Output a character-exact copy of the data, images removed.

▶ [Source data]
----

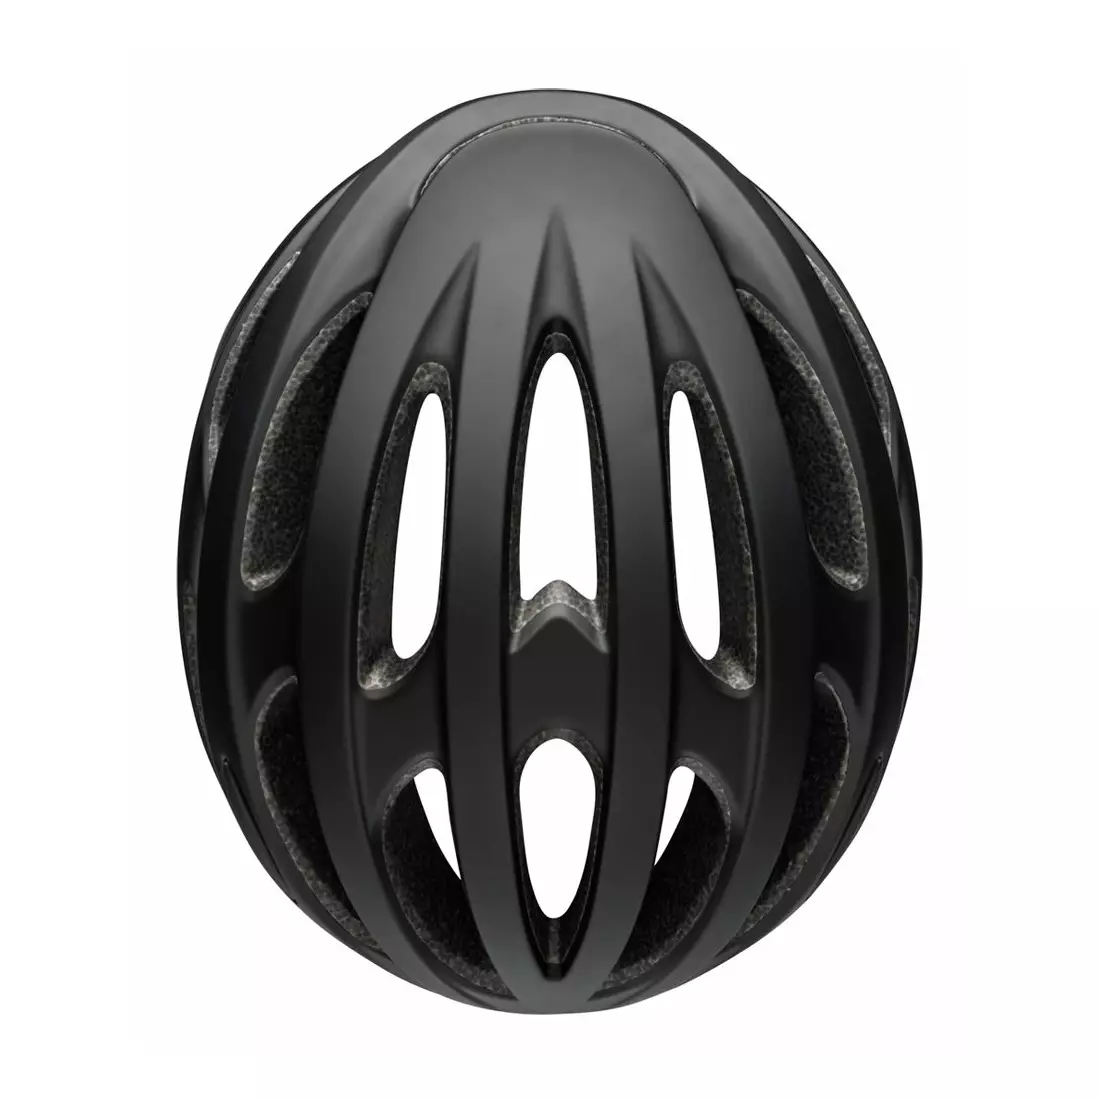 BELL FORMULA helma na silniční kolo, matte gloss black gray
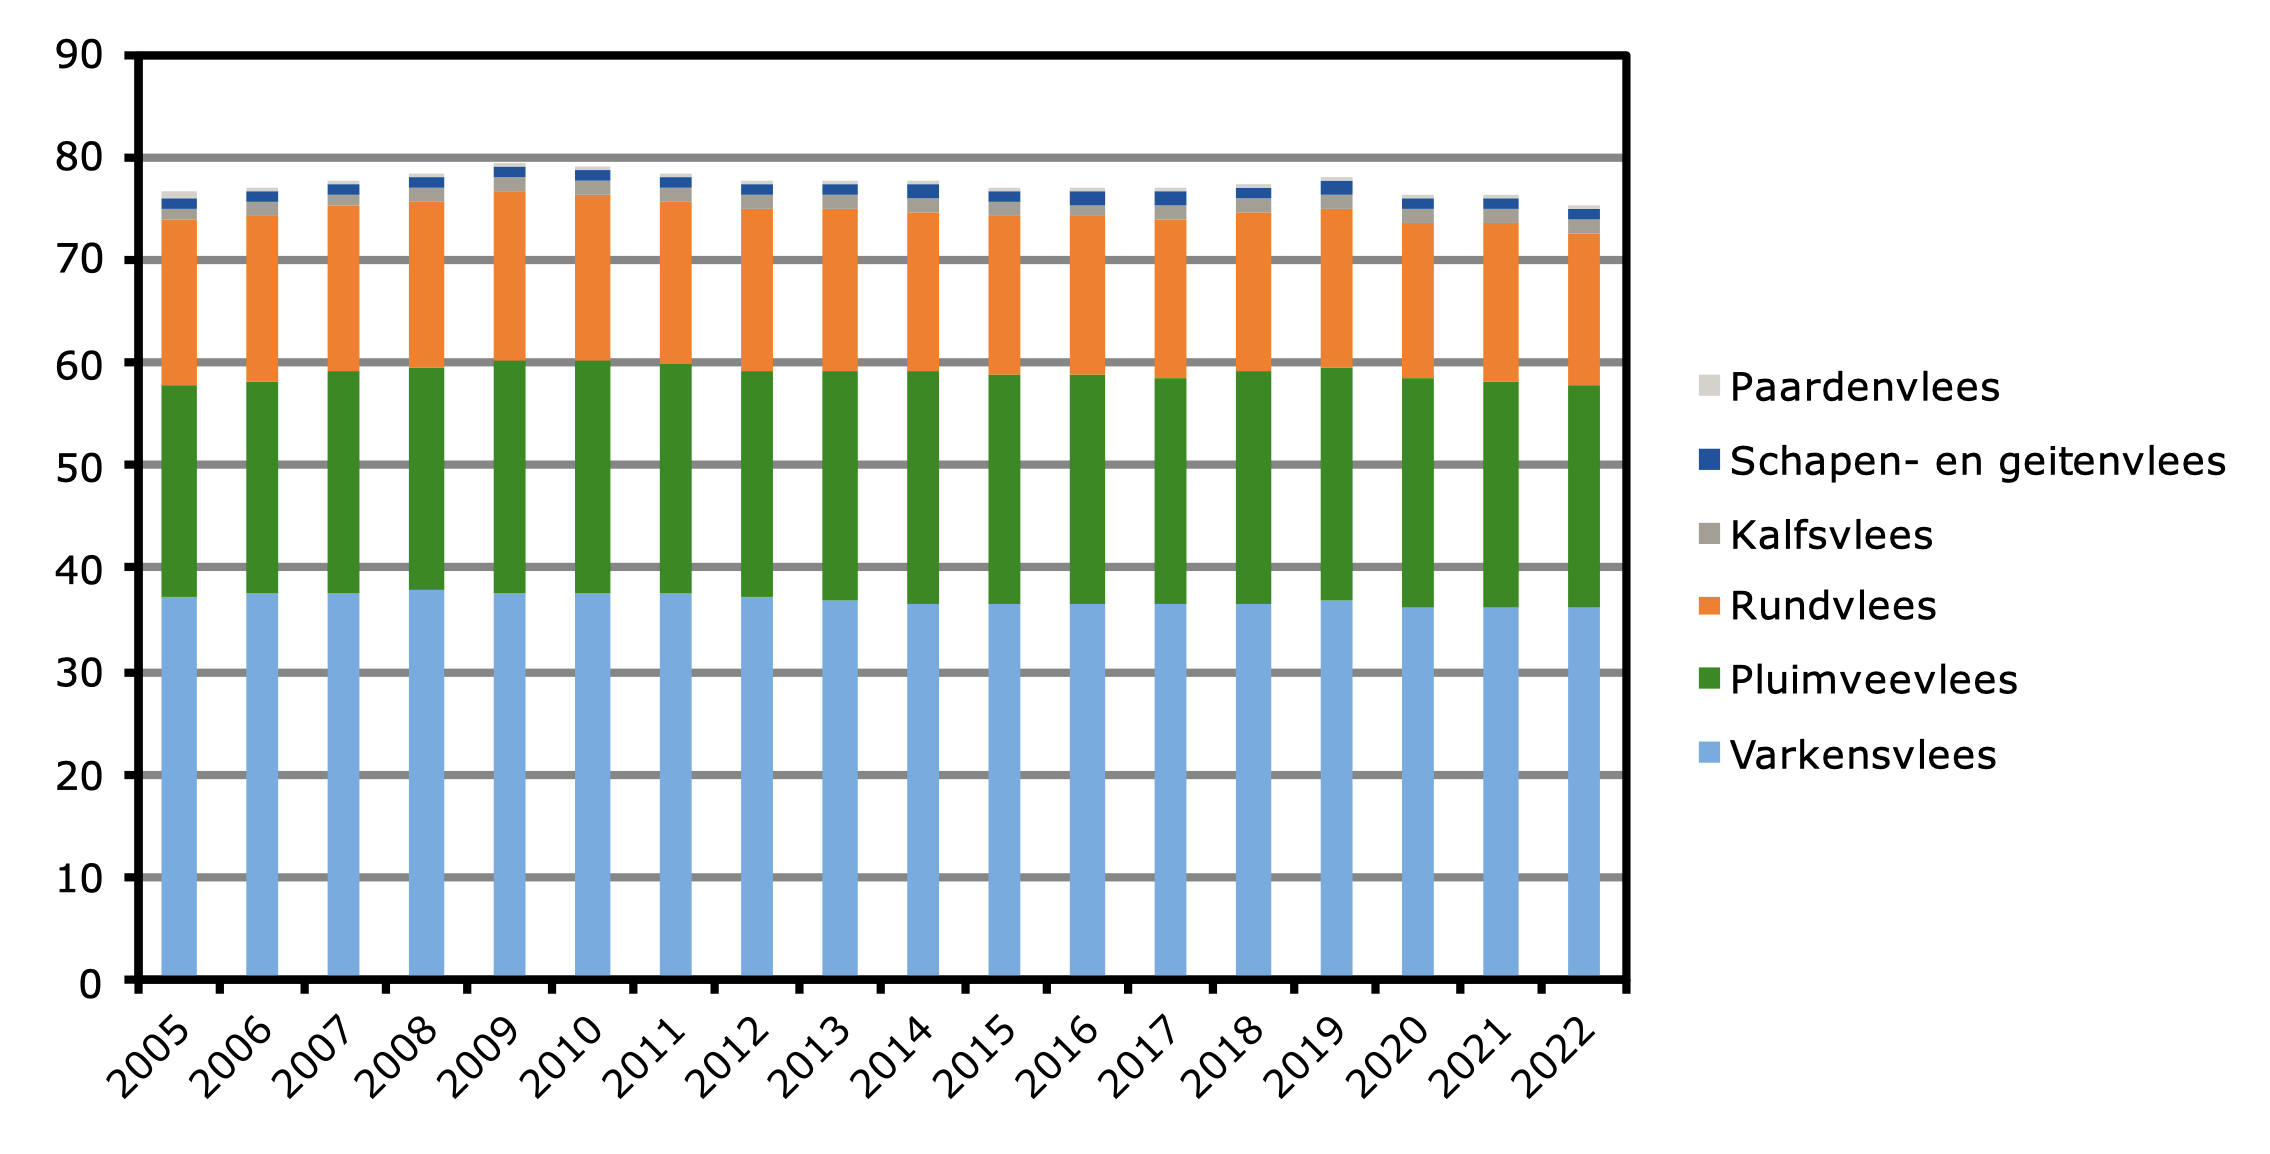 Vleesverbruik a) per hoofd van de bevolking in Nederland, 2005-2022 (kg)
a) Op basis van karkasgewicht (gewicht met been).
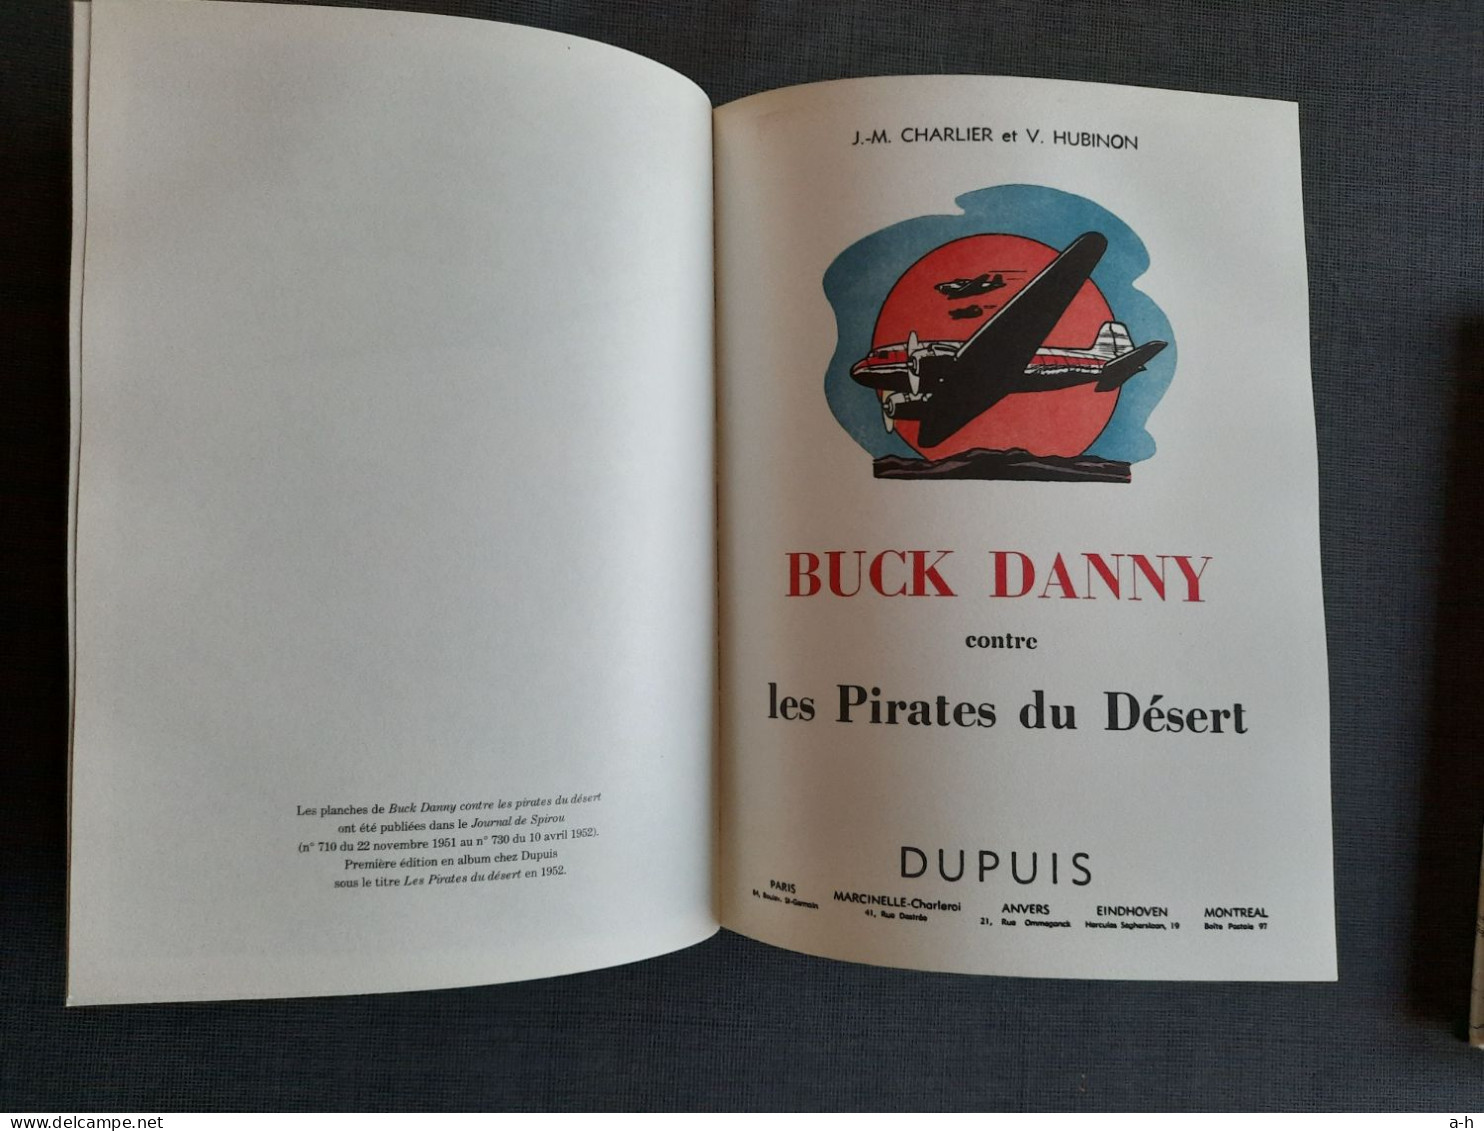 B. Danny intégrale Dupuis n° 3 et 5, 1ière édition. BE.

----

▶ [Solution to the problem]
 BELL FORMULA helma na silniční kolo, matte gloss black gray
 Vleesverbruik a) per hoofd van de bevolking in Nederland, 2005-2022 (kg)
a) Op basis van karkasgewicht (gewicht met been).
 B. Danny intégrale Dupuis n° 3 et 5, 1ière édition. BE.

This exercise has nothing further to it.